Monday, December 19, 2011

Italy Takes a Baby Step on Financial Reform – Baby Steps Won’t do the Job

Actions to Contract the Economy Not Offset by Actions to Expand the Economy

Austerity is all the rage in Europe.  The powers that be think, without the benefit of experience or logic, that if the troubled economies of southern Europe just contract their economies, the economies will expand and the European crisis will be over. Yes, this is ludicrous, but that is what passes for policy in Europe these days.

In Italy the financial markets has lost confidence that the country can bring its high level of national debt under control.  Italy is not running a huge budget deficit, but it has borrowed so much in the past that lenders are unwilling to lend Italy money at rates that the country can sustain.  So Italy must get its budget into surplus and/or it must grow the economy.  And since policy to reduce spending and increase taxes to lower budget deficits is exactly opposite policy to grow the economy, Italy must introduce structural reforms in its society to offset the negative impact of the contractionary fiscal policy.
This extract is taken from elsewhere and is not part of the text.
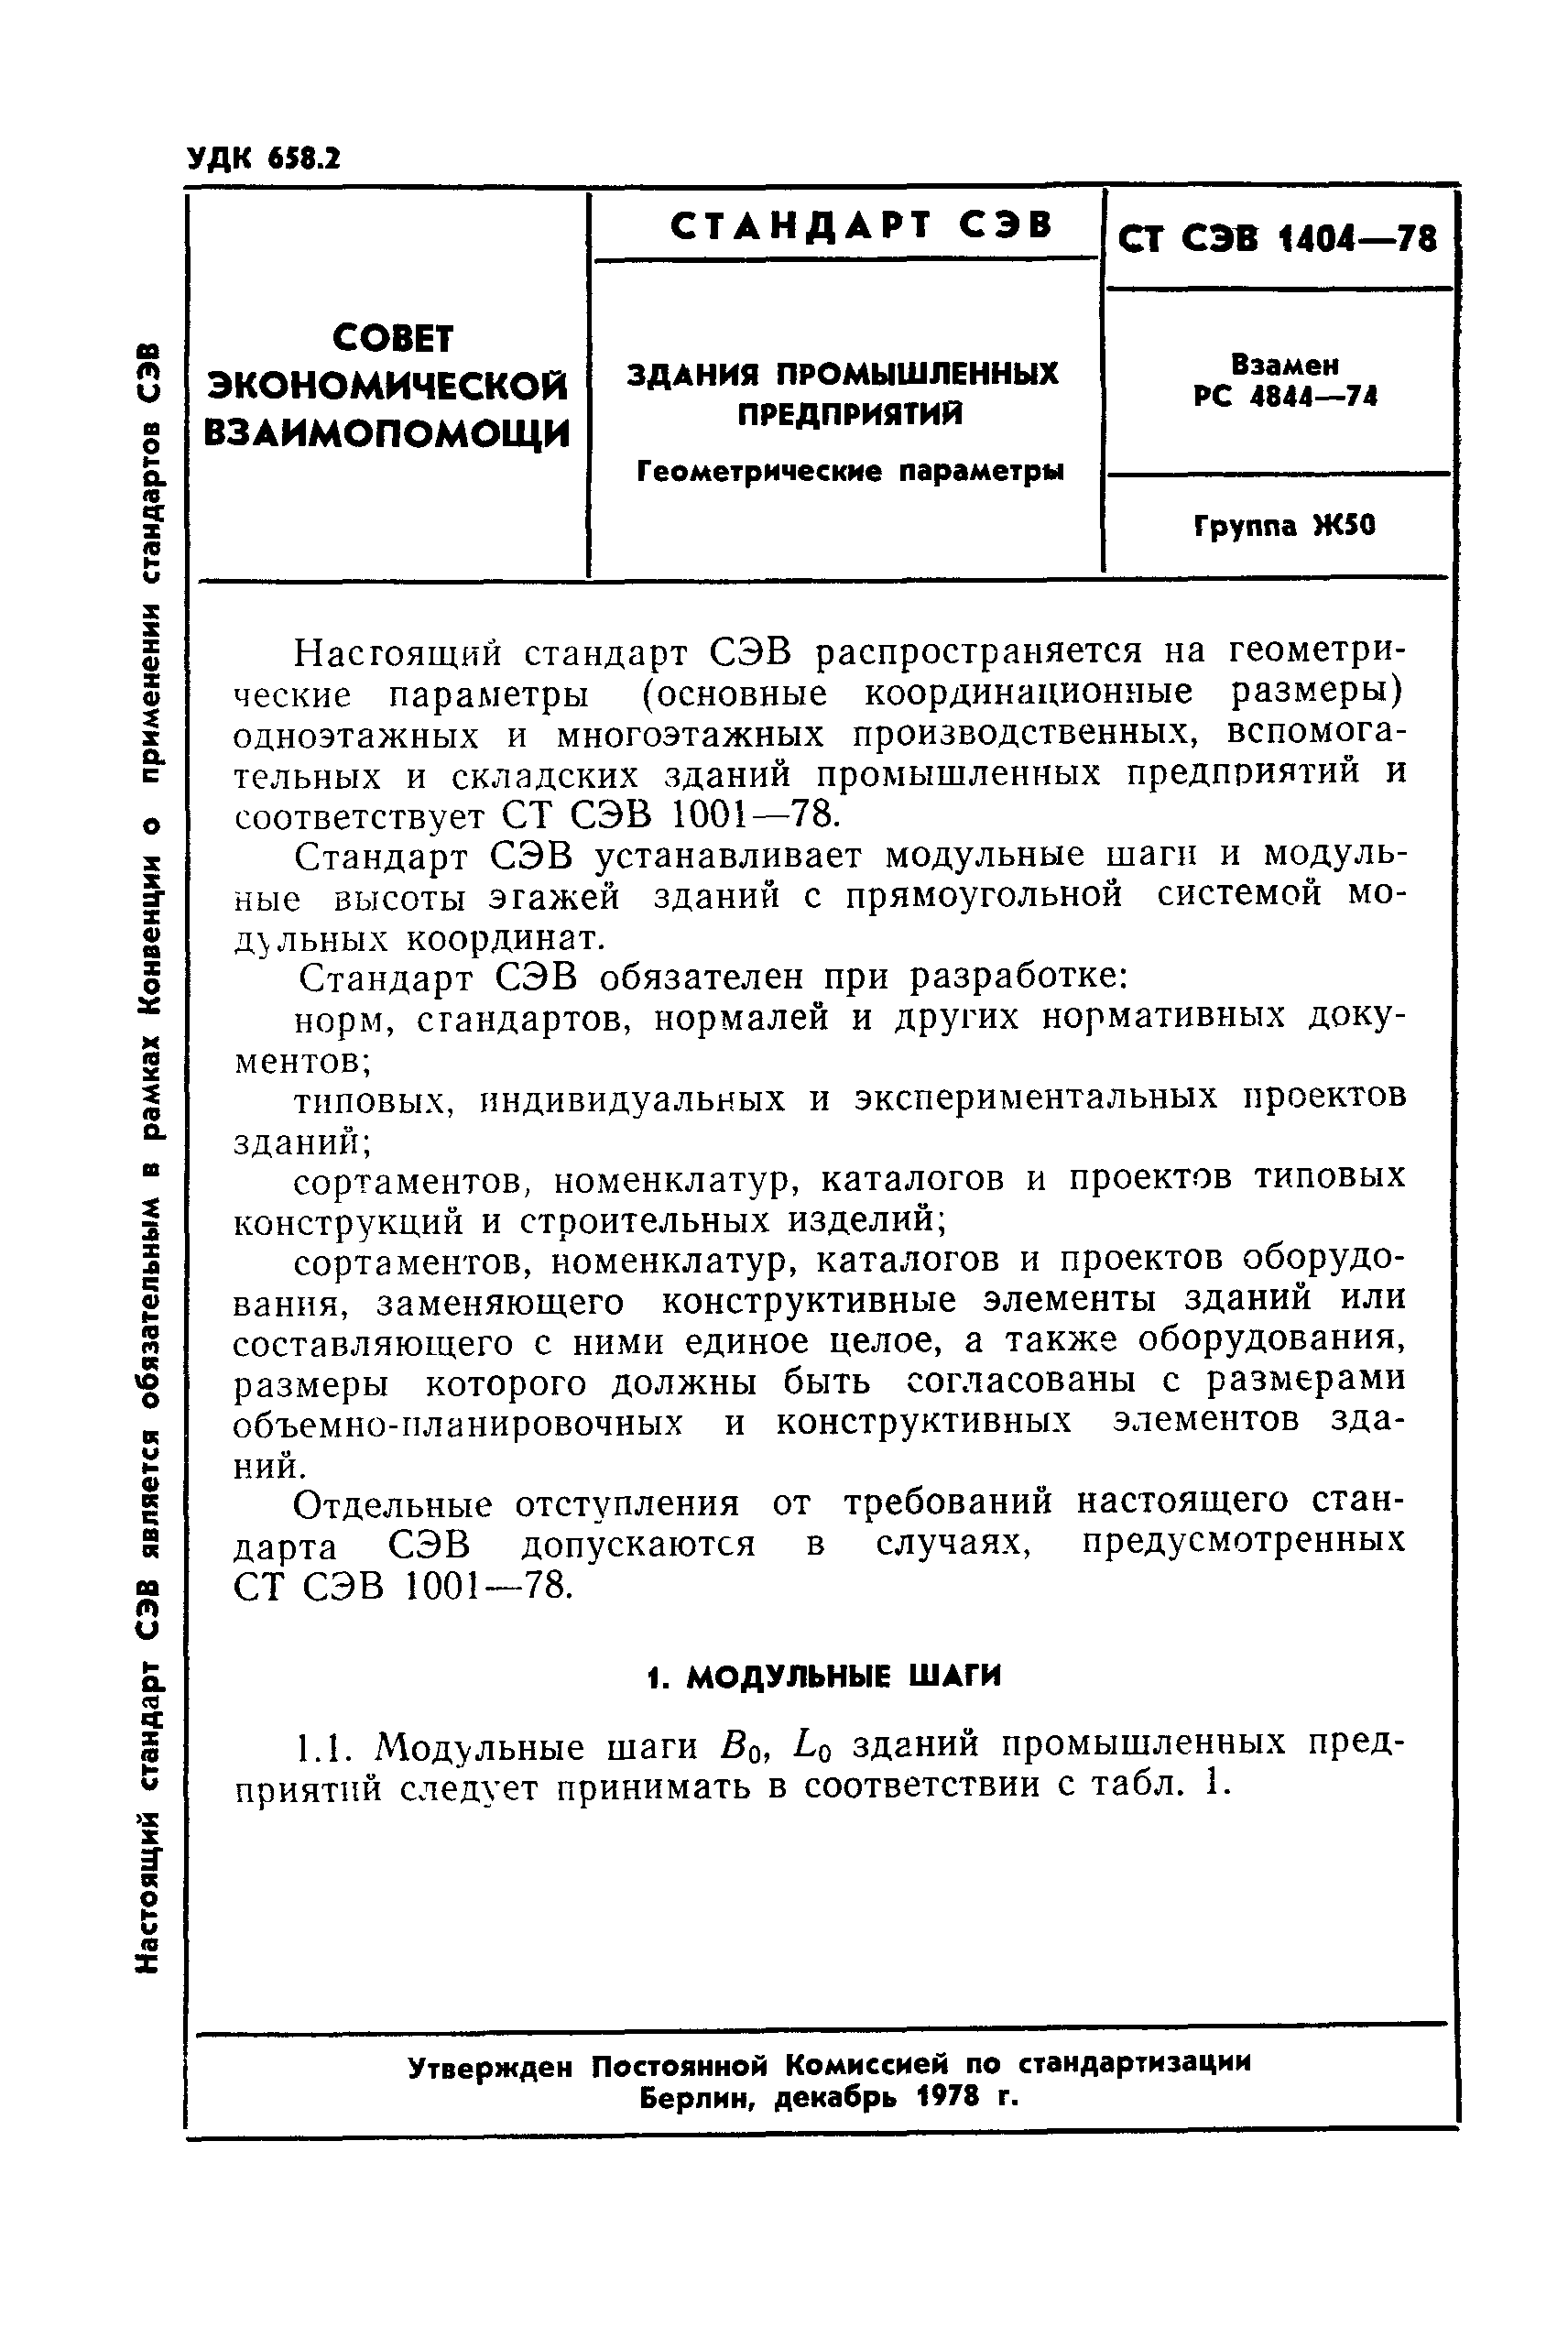 СТ СЭВ 1404-74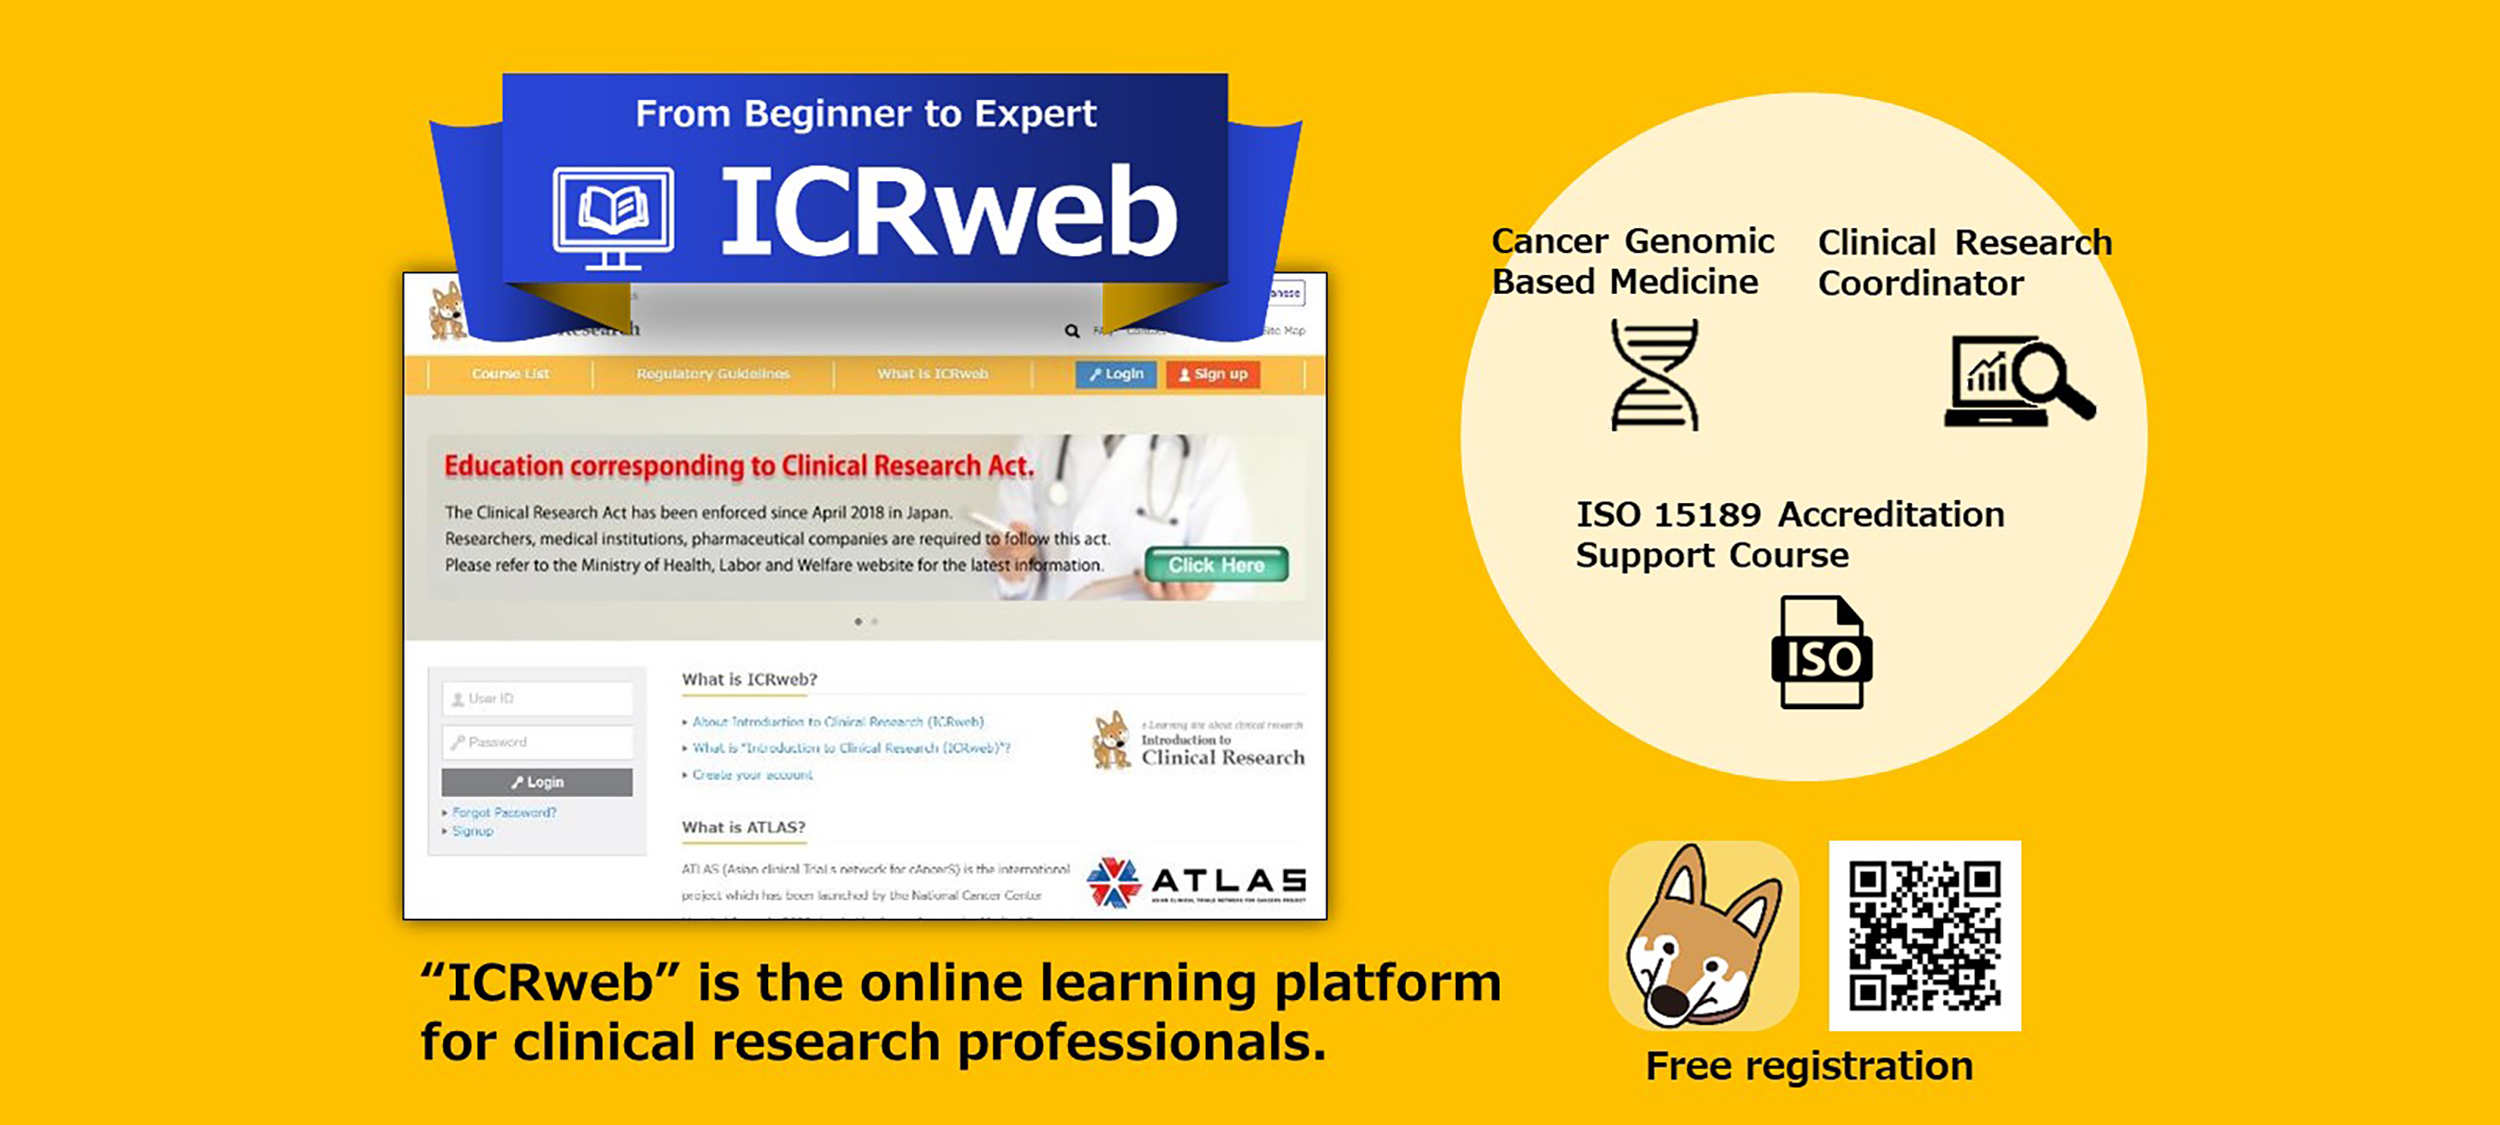 ICR web

This is not happening.  The new Italian government is one composed of “technocrats”, supposed financial and economic experts not bound to a particular political philosophy or party. It is lead by Mario Monti. The government is succeeding in some of its fiscal reform.

Despite disagreeing on some measures, the main political parties backed the package of tax increases and spending cuts, which passed with a large majority of 495 votes to 88. The measures will now go to the Senate, which is set to vote them before Christmas.

Now this package of tax increases and cuts in government spending and some other minor stuff will not help the economy grow.  In fact it will cause the economy to shrink, thus driving up the deficits.  So there has to be another piece to the puzzle, and that is fundamental reform of Italy’s business and labor systems.

In addition to austerity measures, heavily indebted countries like Italy and Greece are expected to carry out structural reforms that experts say may eventually make their economies competitive with those in northern Europe, particularly Germany’s. That lack of competitiveness has produced a chronic balance of payments deficit in the southern countries that economists say lies at the heart of the euro zone’s troubles.

Italy, like many other European countries has taken the good idea of protecting employees from arbitrary, capricious and discriminatory acts of employers and made it so extreme that labor markets are unable to function.  Those employed remain employed, those unemployed remain unemployed.  The country has also taken the good idea of having regulations and standards for various professions and made it so extreme that instead of protecting the public the laws protect the professions.

So that offset to the austerity program is supposed to be a freeing up of the economic systems.  That does not look good.

“In Italian society, there is no division between left and right; there’s a division between those who are inside or outside some organized groups,” said Sergio Fabbrini, the director of the School of Government at Luiss Guido Carli University in Rome. “All the main political parties from left to right represent the insiders. The left represents the pensioners, the trade unions. The right represent various insiders: the lawyers’ organizations, notaries.”

The only way for young people and women to be represented “is to have a technical government,” he added, “but of course a technical government will have to pass through the approval of the Parliament. And here again the insiders are well organized.”

So like in Britain, once again there is an economic experiment taking place.  Italy’s economy will be severely damaged if the austerity program is not offset with fundamental reform.  The markets know this, the economists know this, even the Italian people and politicians know this.  But none of that means reform will be implemented.

Mr. Fabbrini said Mr. Monti’s strength is that “there are no alternatives.”

This is not correct.  The alternative is a decades long period of high unemployment, high national debt, continuing lower standards of living, increases in poverty and general political and social unrest.  In other words, Greece.